WHAT IS BEING ASKED: The required output is the exact run of lines in the listing below from the line holding "см. для интерьера" through the line holding "RU4 Short Men's Running Socks black-mix", with no pictures.

Segment Start: PROVIDED RECORDS

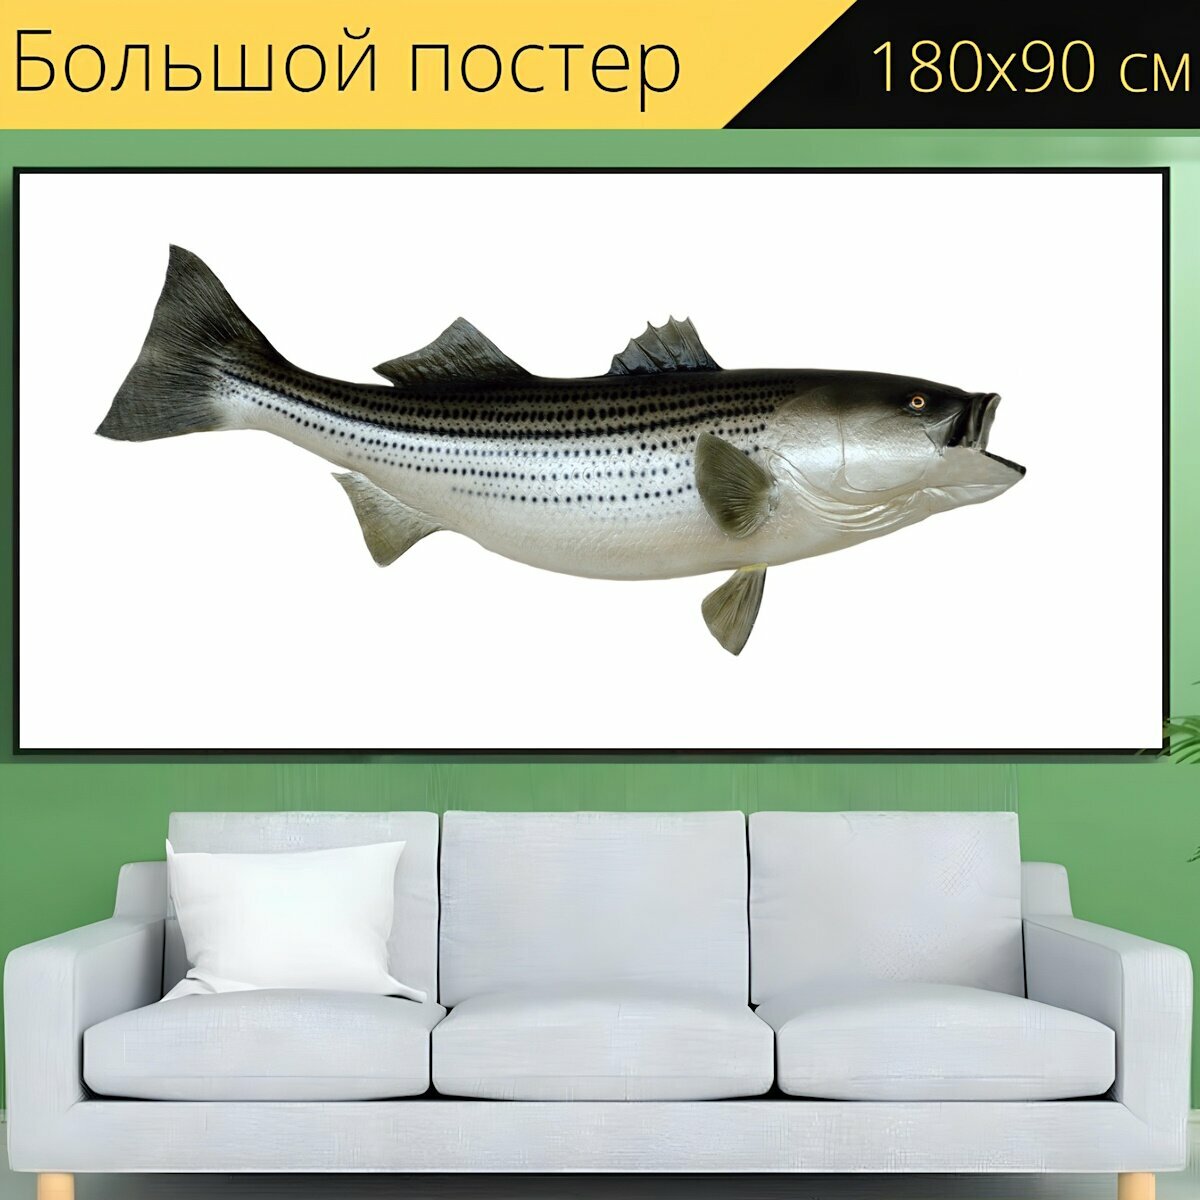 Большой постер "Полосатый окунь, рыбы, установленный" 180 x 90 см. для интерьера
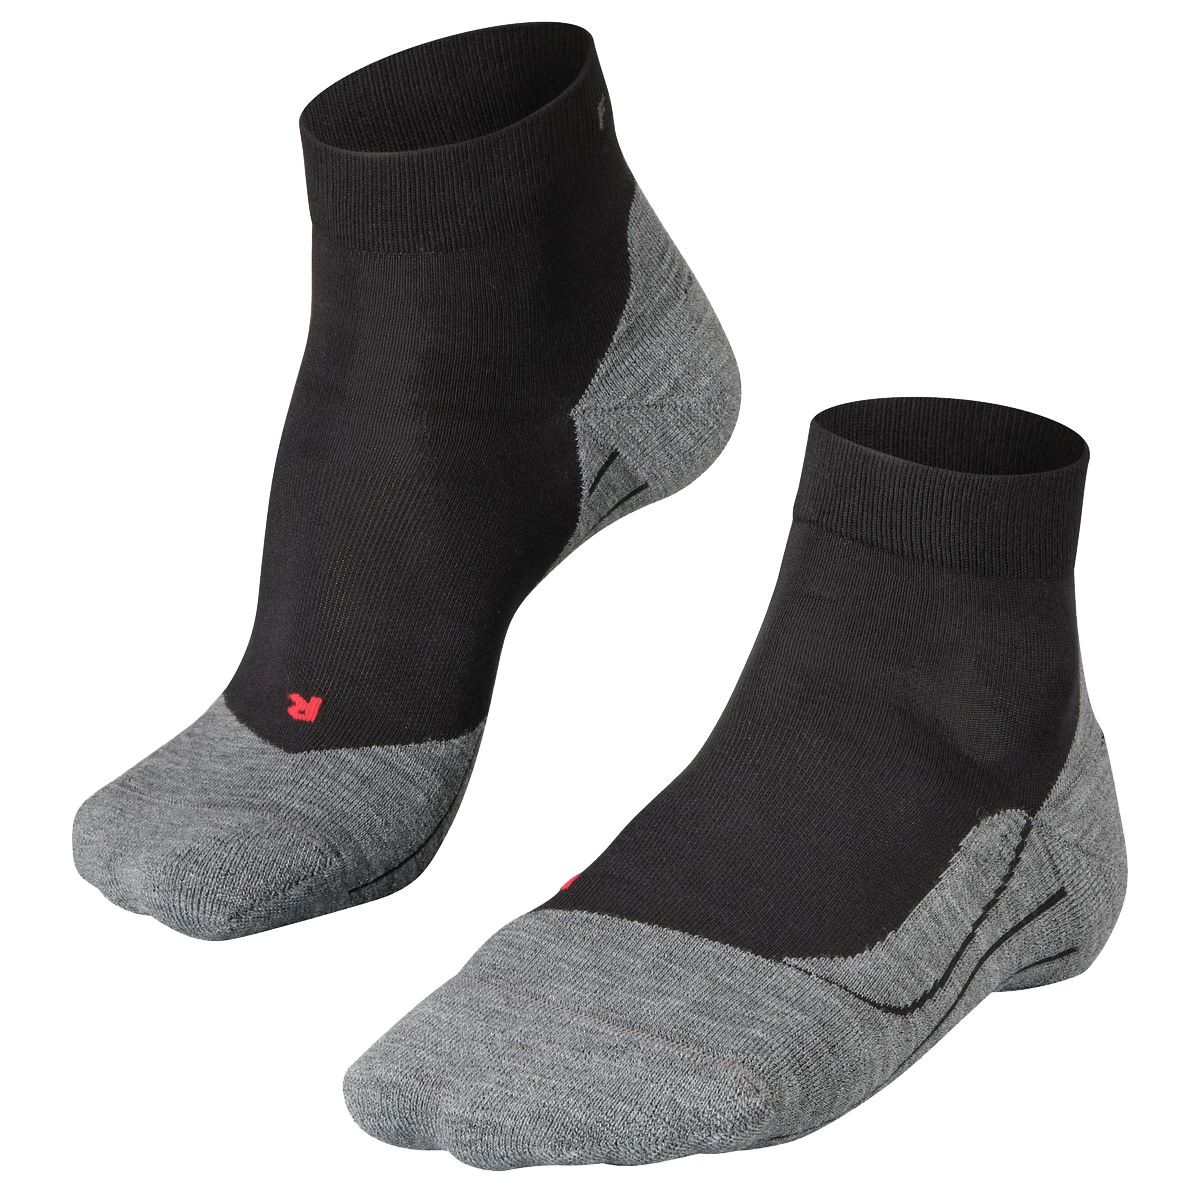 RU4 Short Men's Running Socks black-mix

Segment End: PROVIDED RECORDS
Segment Start: PROVIDED RECORDS

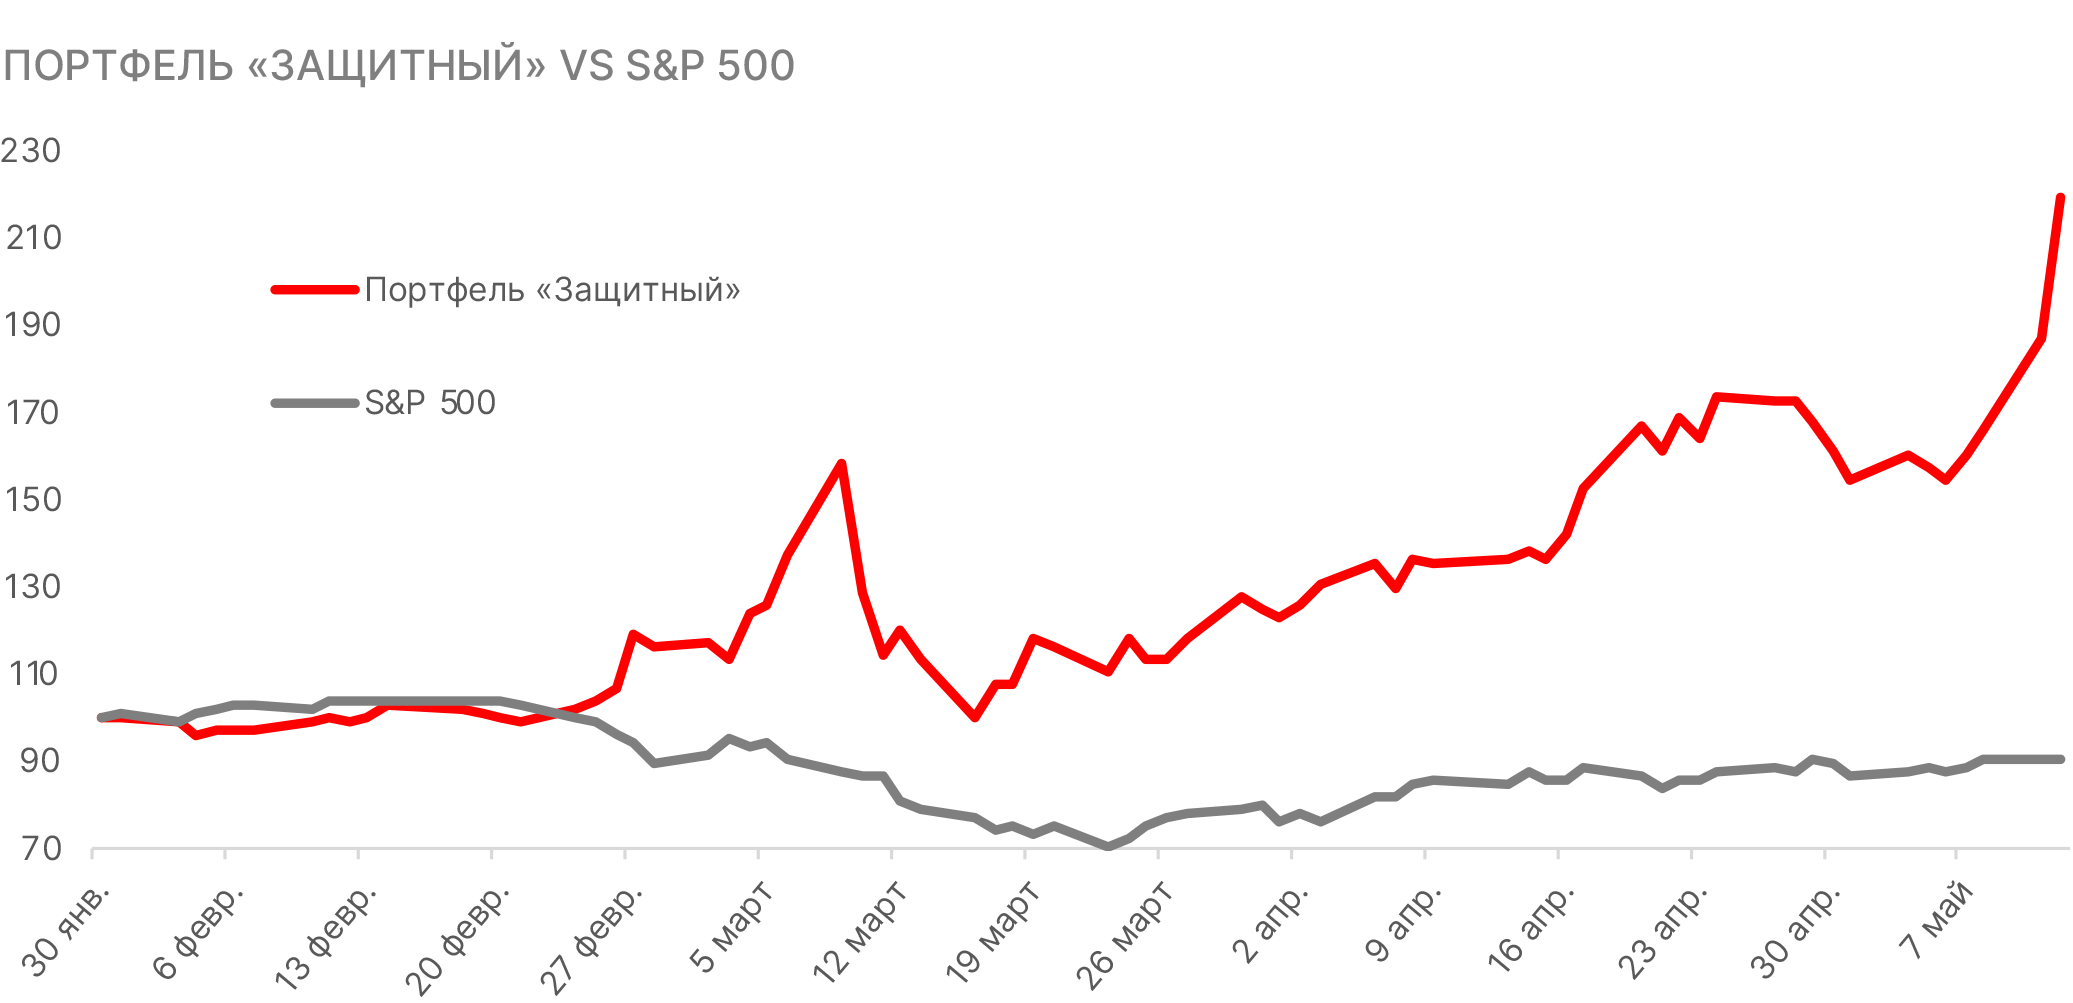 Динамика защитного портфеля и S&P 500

Segment End: PROVIDED RECORDS

TASK SOLUTION:
 Большой постер "Полосатый окунь, рыбы, установленный" 180 x 90 см. для интерьера
 RU4 Short Men's Running Socks black-mix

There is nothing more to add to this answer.